PRESSE

Meldungen zur DeGIV und rund um das Gesundheitsterminal

Kamp-Lintfort, 20.09.2016

 

Mit dieser einfachen Aussage macht die DeGIV GmbH deutlich, dass es weit mehr Einsatzorte und Möglichkeiten für einen sicheren Zugang zur Kommunikation mit Dienstleistern, Behörden oder Krankenkassen geben kann. Supermärkte, Einkaufszentren oder Drogeriemärkte – eben dort, wo die Bevölkerung ist.

Der autonome Betrieb der Gesundheitsterminal-Infrastruktur und der für die Teilnehmer als aufwandsloser Full-Service bereitgestellte Leistungsumfang machen einen direkten Einsatz auch an anderen Stellen leicht möglich. Selbst eine Aufstellung in abgetrennten Räumlichkeiten und eine Bild-und Tonübertragung für militärisch verschlüsselte Gespräche z.B. mit medizinischem Personal wurden schon erfolgreich durchgeführt.

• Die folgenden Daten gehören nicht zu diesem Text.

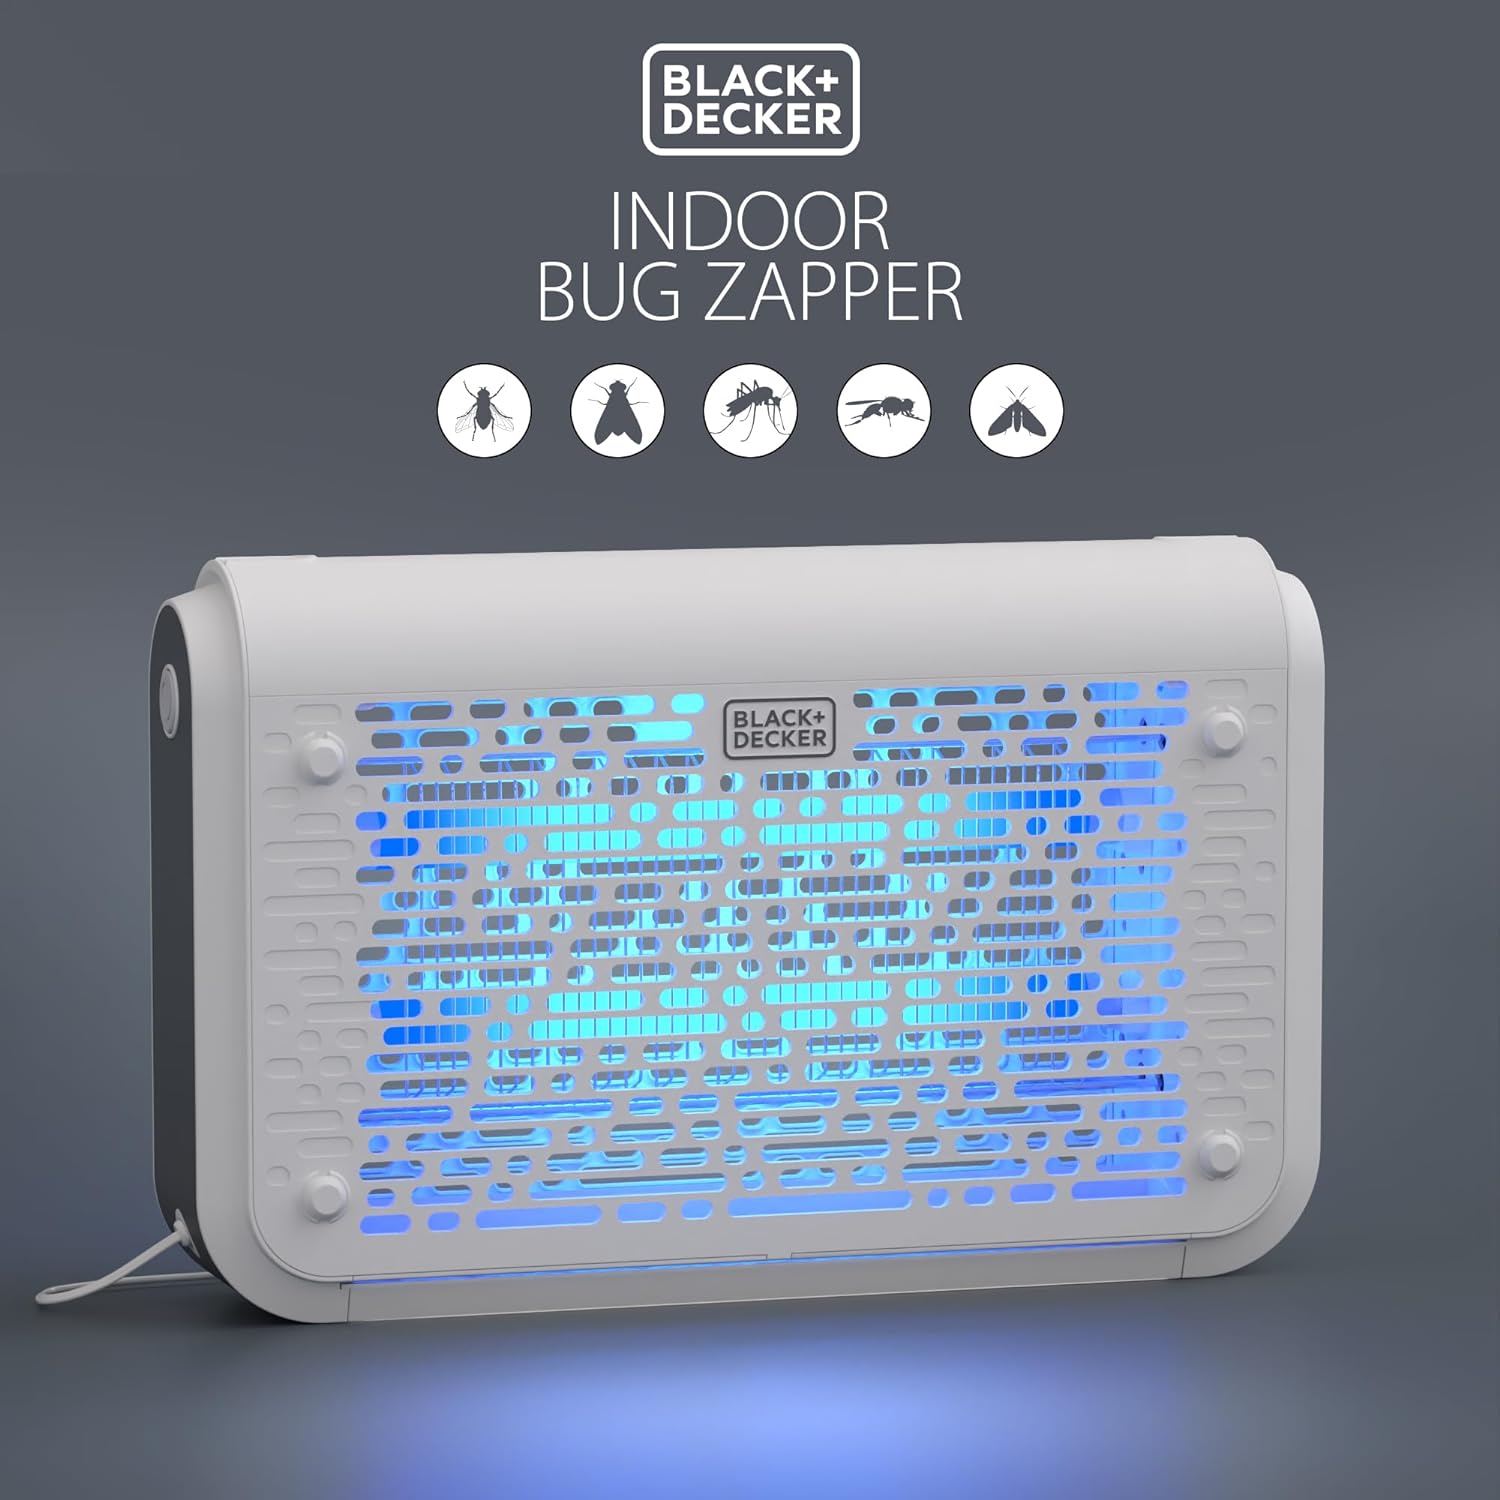 Black+decker Indoor Bug Zapper : Target

„Lediglich die von uns ebenfalls vorgedachte Anbindung an die Telematik-Infrastruktur z.B. für die Anwendungen der Versicherten wird dann dort aufgrund der gesetzlichen Vorschriften nicht zulässig sein.“ macht Dieter Rittinger, Geschäftsführer des Unternehmens, klar. „Spätestens nach dem Einscannen des Medikaments in die Medikationsübersicht und einem Wechselwirkungshinweis am Gesundheitsterminal wird für den Versicherten die Aufstellung in der Apotheke wegen der Beratung dort lebenswichtig. Deswegen ist die Vor-Ort-Apotheke im Fokus.“

Dort findet sich ohnehin der Querschnitt der Bevölkerung; ob jung oder alt, krank oder gesundheitsfixiert. Nicht umsonst zählt man dort durchschnittlich täglich mehr als 200 Personen, mit Spitzenreitern von mehr als 2000 Menschen täglich!

Ob es dann bei Rossmann und Co. weiterhin Gesundheitsterminal oder nur Serviceterminal heißt, bleibt abzuwarten.